Required release files:

- `Changes`
- `README.md`
- `cpanfile`
- `dist.ini`
- `lib/PAX.pm`

The CPAN gate verifies the distribution tarball and git index exclude temporary
runtime probes, generated workspaces, coverage output, planning artifacts, and
other non-release files.

Completion rule:

- `release-gate` alone is not enough
- `cpan-gate` alone is not enough
- `git-gate` alone is not enough
- after code, doc, or metadata edits, rerun the affected gates
- "all gates" means the full closure sequence from TDD through git gate
- `make all-gates` is only the convenience replay target for the final
  committed-tree verification set
- treat the change set as complete only when the full gate chain has closed and
  the committed tree passes git gate

Release flow rule:

- bump the version before `dzil build`, for example with
  `make cpan-bump-version VERSION=<next-version>` or `make cpan-auto-bump`.
- after the bump, update `Changes` with a meaningful top entry for that version
  and commit the release-preparation changes.
- `make cpan-dist` and `make cpan-build` then run `version-gate`,
  `changes-gate`, and `doc-gate` without mutating tracked source files.
- `README.md` and `lib/PAX.pm` must satisfy the documentation gate before the
  tarball is built.

## FAQ

### Is PAX only for one specific project?

No.
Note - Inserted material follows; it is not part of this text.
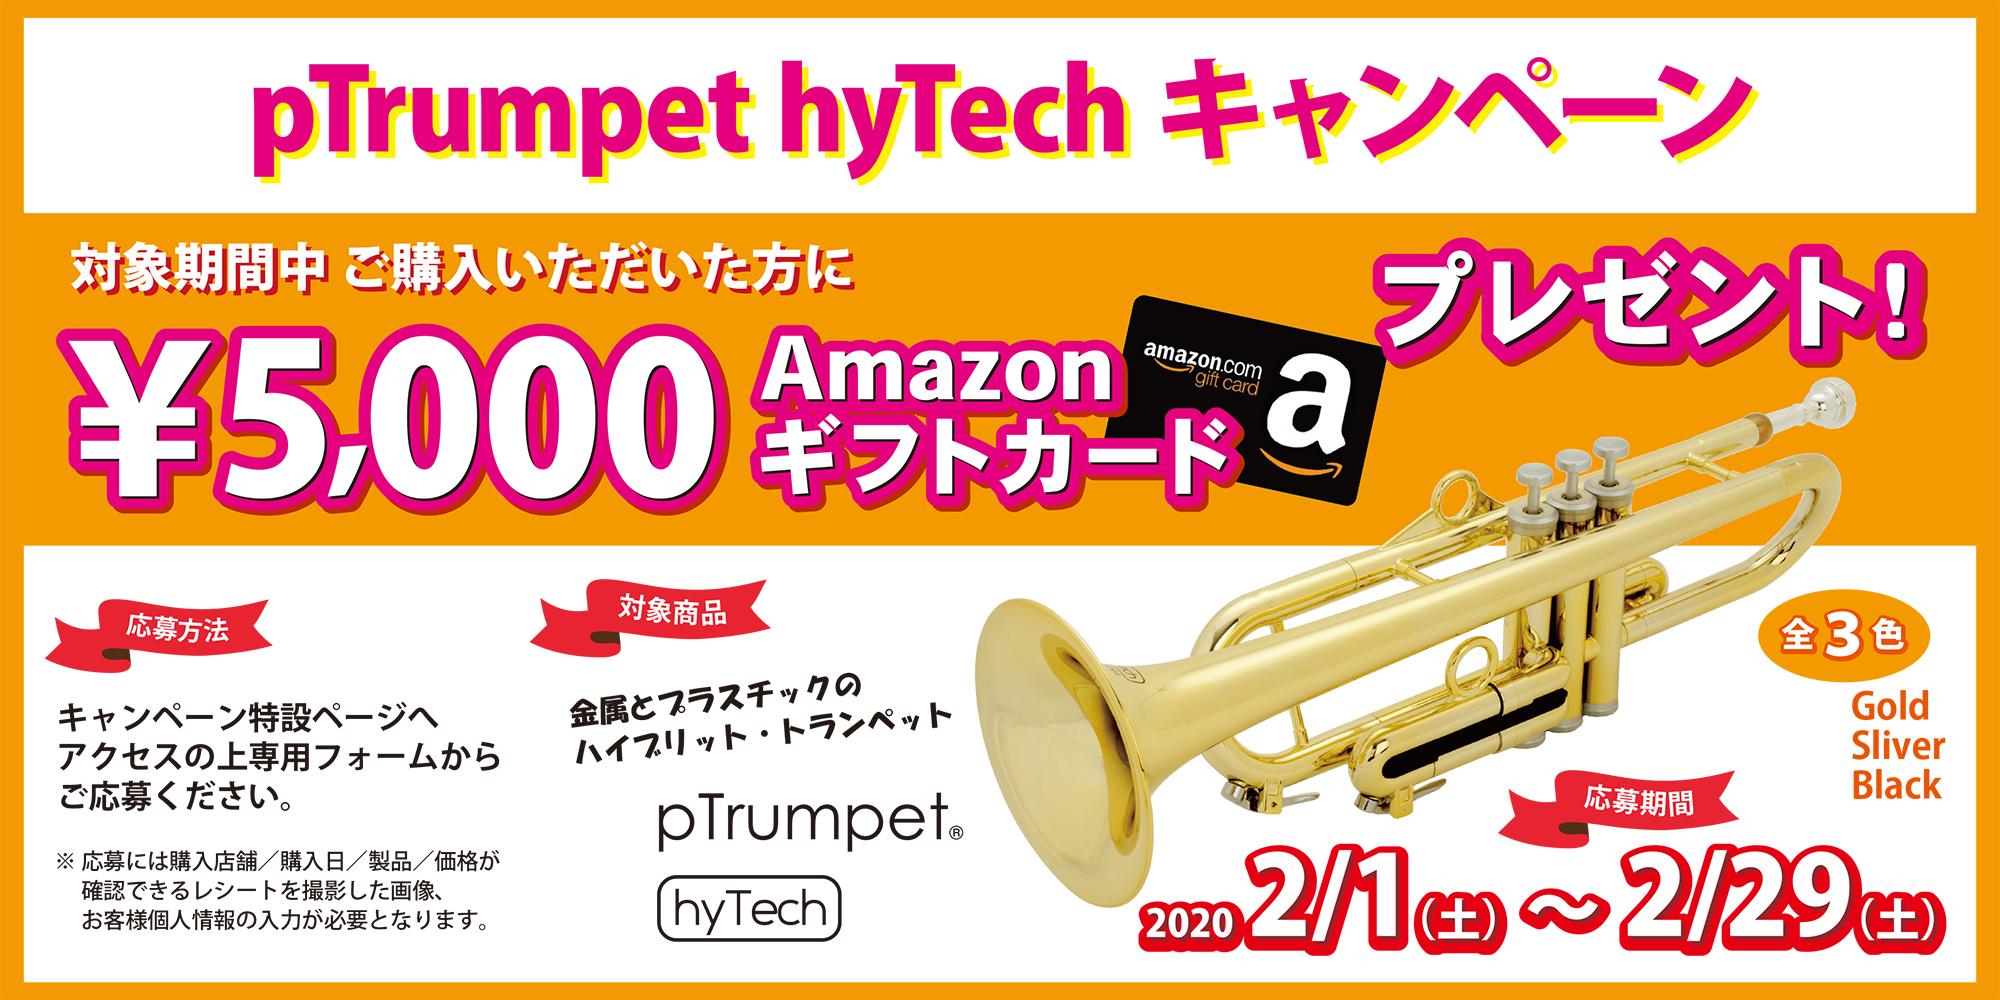 pTrumpet hyTech キャンペーン 2020

PAX uses DD and other applications as validation corpora, but core compiler
and runtime logic are expected to stay neutral and reusable.
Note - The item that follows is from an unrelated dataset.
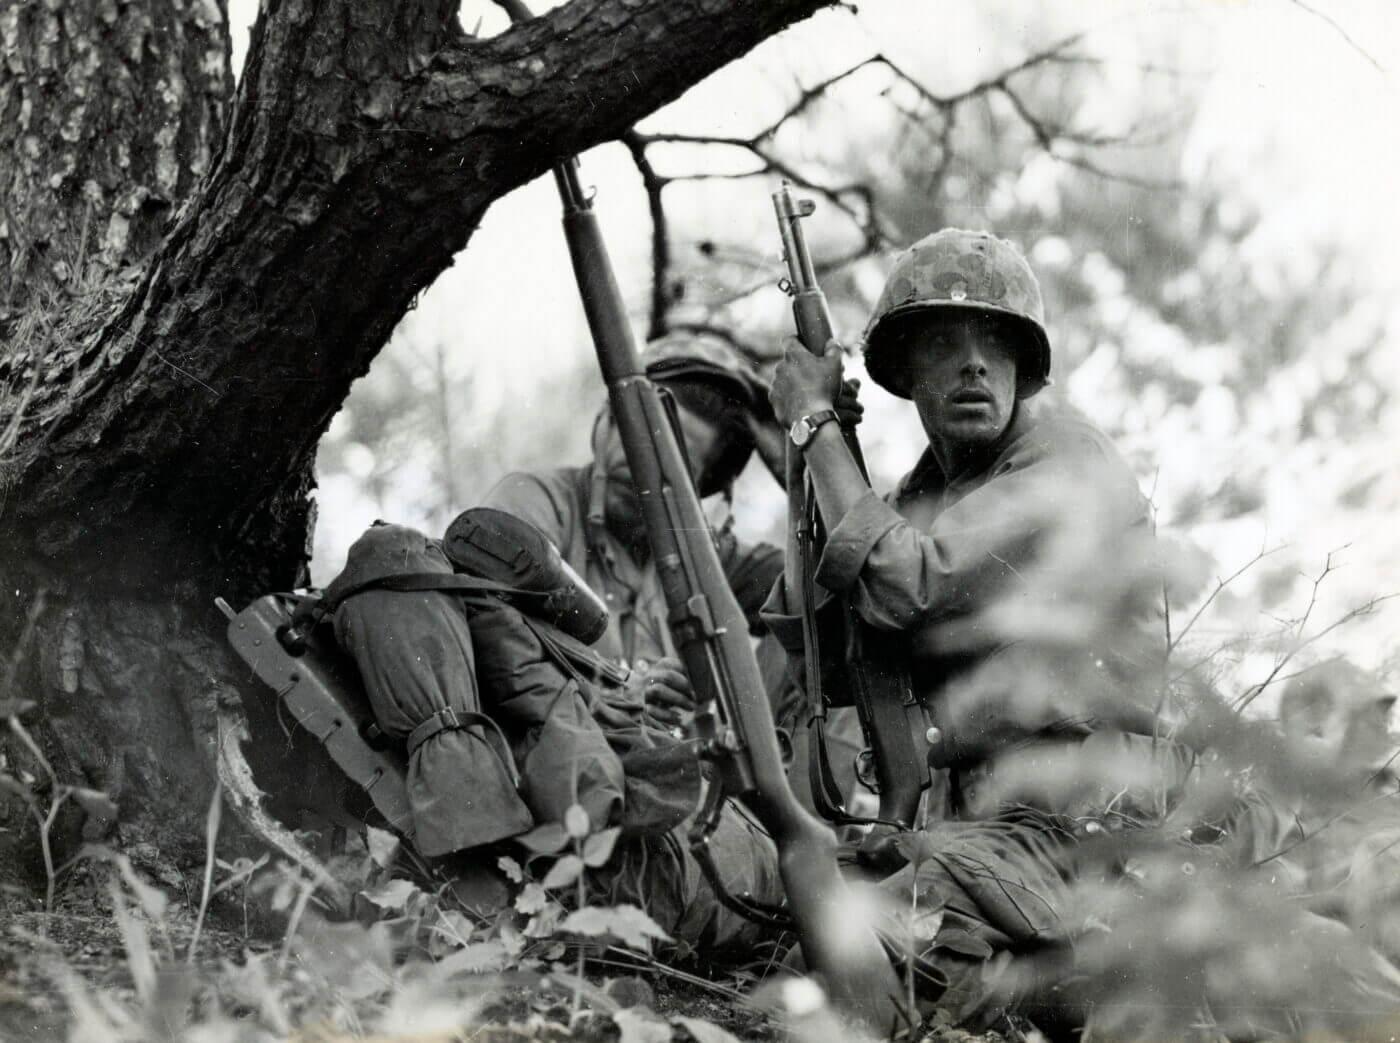 Korean War USMC soldier on hillside with M1 Garand

### Does PAX guarantee Rust-like speed for all Perl code?

No. The target is to package the whole application correctly and accelerate hot
paths that PAX can prove are safe to specialize. Dynamic regions still use
fallback execution.

### Does `pax run` require a separate app server?

No. Under SOW-03, `pax run` builds the standalone executable and then runs that
binary directly.

### Can PAX build web applications with embedded static assets?
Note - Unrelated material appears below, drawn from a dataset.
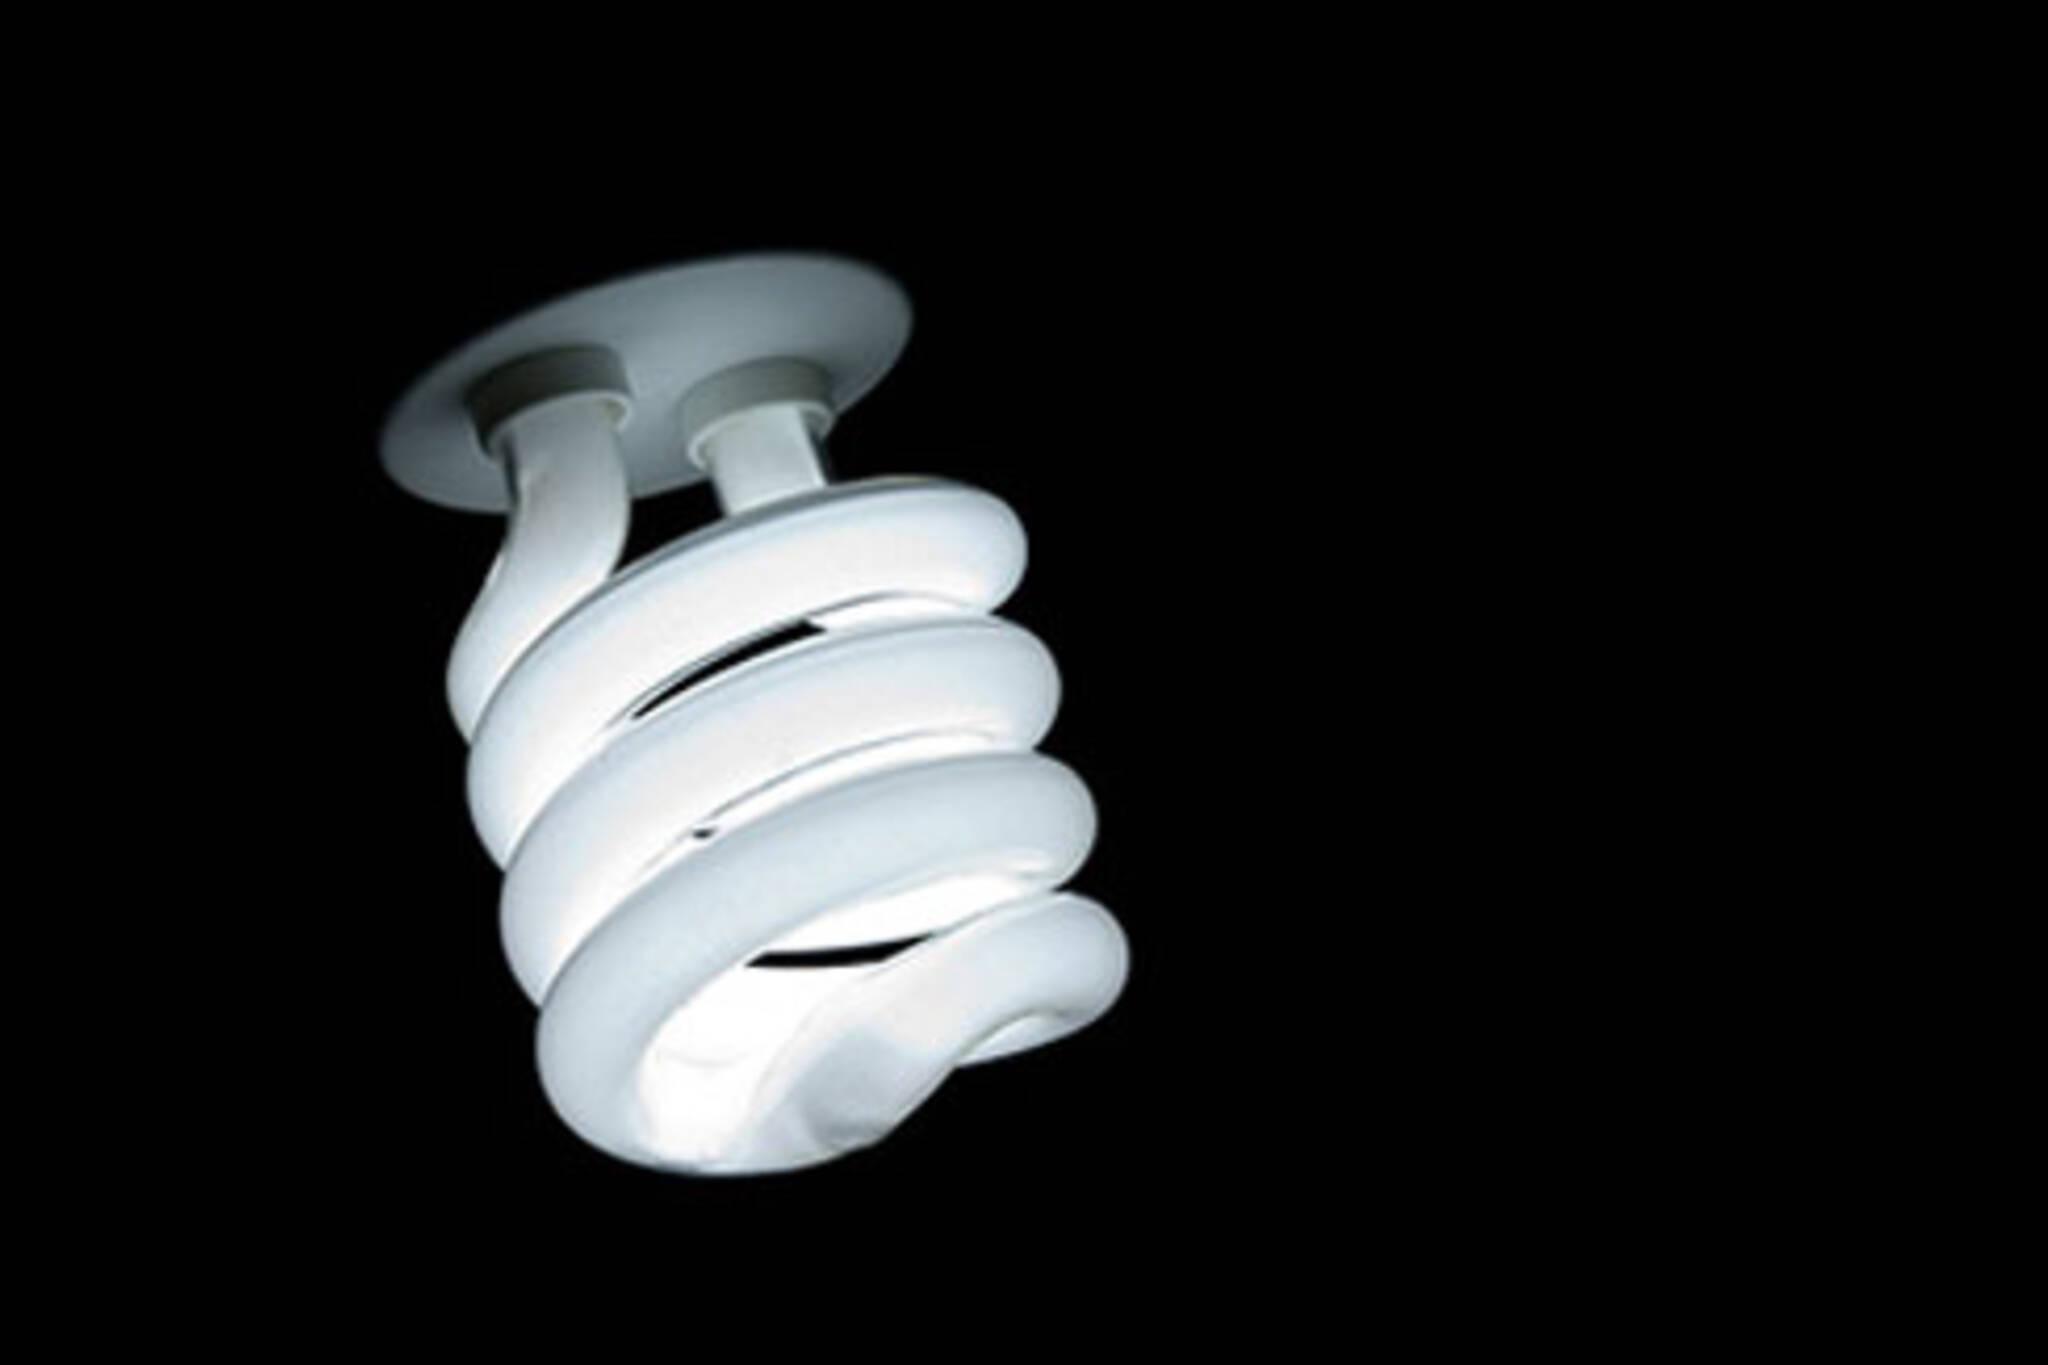 20070621_efficientlightbulb.jpg

Yes. The validated packaging path includes templates, CSS, JavaScript, and
framework code embedded into one standalone executable.

## Repository Map

- `bin/pax`: public command entrypoint.
- `lib/PAX/`: compiler, packager, loader, runtime, and validation modules.
- `t/`: unit, behavior, and acceptance tests.
- `examples/`: neutral examples used to validate packaging behavior.
- `paxfile.yml`: neutral example build manifest.

## Documentation Rule

PAX documentation follows the DD-style parity rule recorded in
`docs/pax-doc-parity.md`: document the product as both an operator manual and a
main architecture reference, not just as a command list.

## Contributor Rules

- Keep PAX project-neutral.
- Turn project-specific lessons into reusable compiler/runtime rules.
- Keep `README.md` and `lib/PAX.pm` aligned.
- Update POD and tests with behavior changes.
- Run the gates before treating a release build as complete.